**Task:**
Please copy all of the data that follows exactly, leaving any pictures out.
+++ Exercise data +++
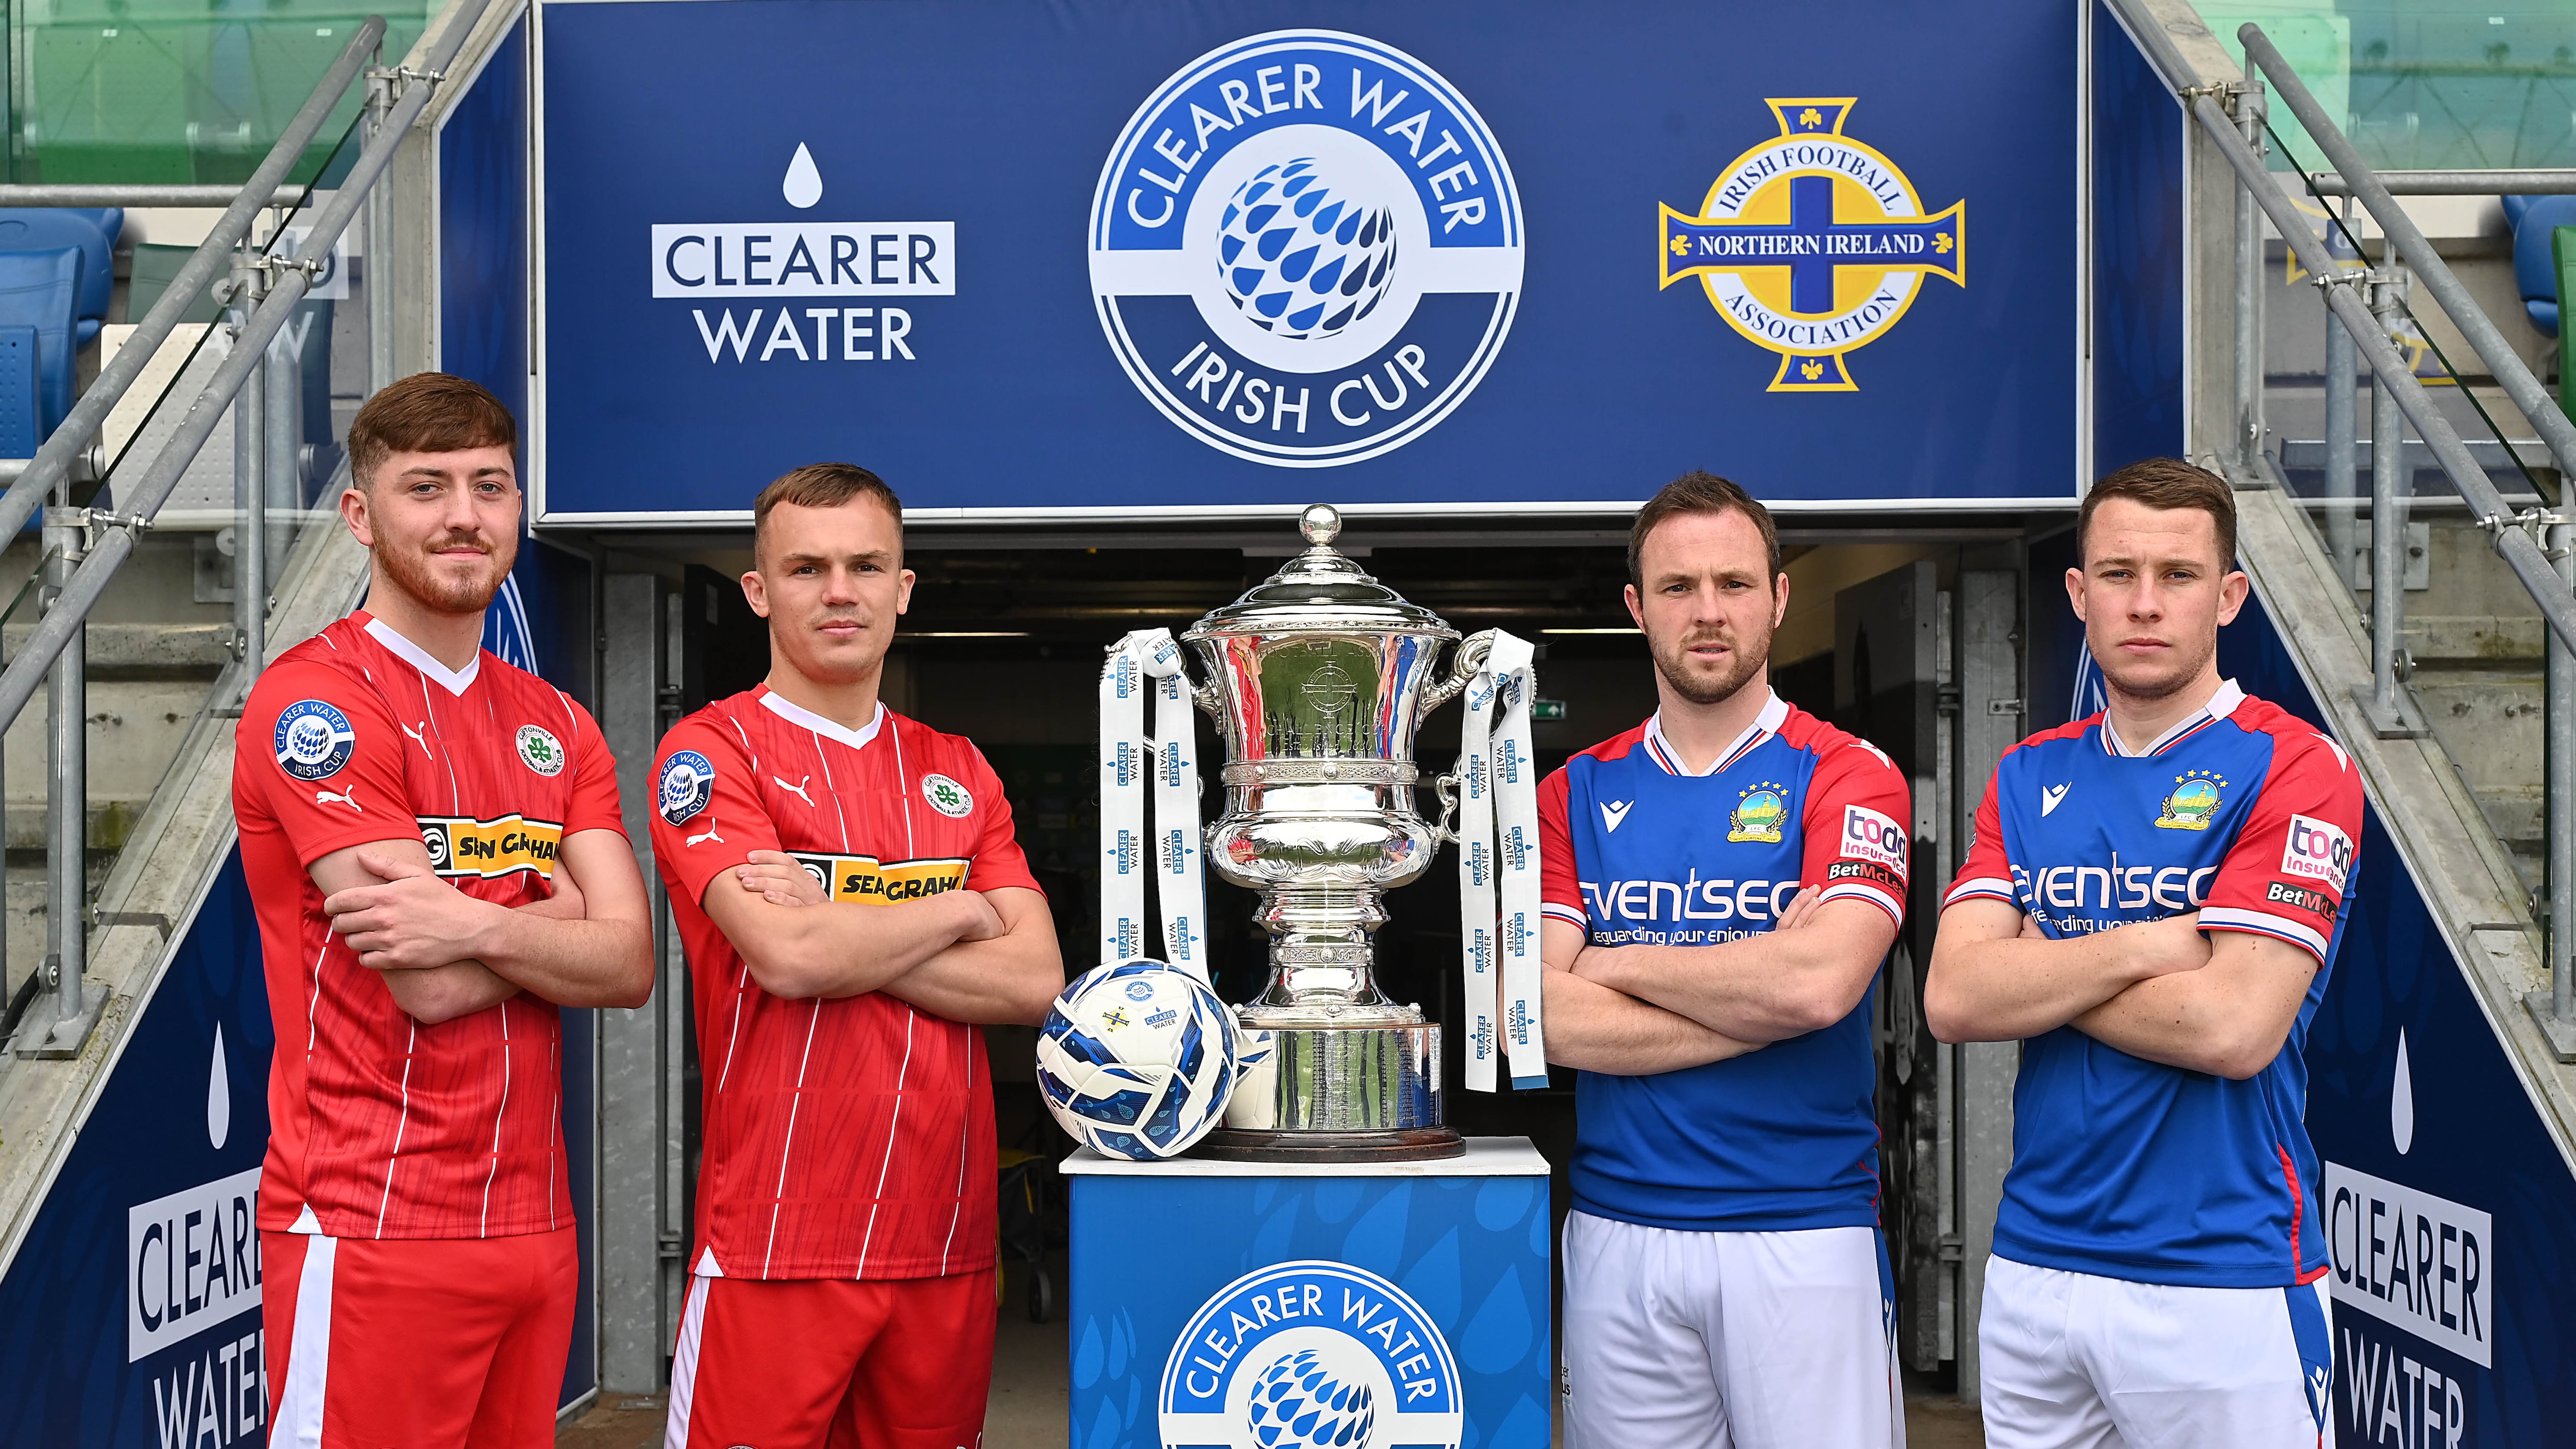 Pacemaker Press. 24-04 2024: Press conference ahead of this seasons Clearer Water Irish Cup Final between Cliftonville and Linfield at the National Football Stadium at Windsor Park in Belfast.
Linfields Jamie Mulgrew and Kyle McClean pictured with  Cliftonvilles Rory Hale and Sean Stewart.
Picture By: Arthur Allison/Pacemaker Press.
+++
**Solved problem:**
 Pacemaker Press. 24-04 2024: Press conference ahead of this seasons Clearer Water Irish Cup Final between Cliftonville and Linfield at the National Football Stadium at Windsor Park in Belfast.
Linfields Jamie Mulgrew and Kyle McClean pictured with  Cliftonvilles Rory Hale and Sean Stewart.
Picture By: Arthur Allison/Pacemaker Press.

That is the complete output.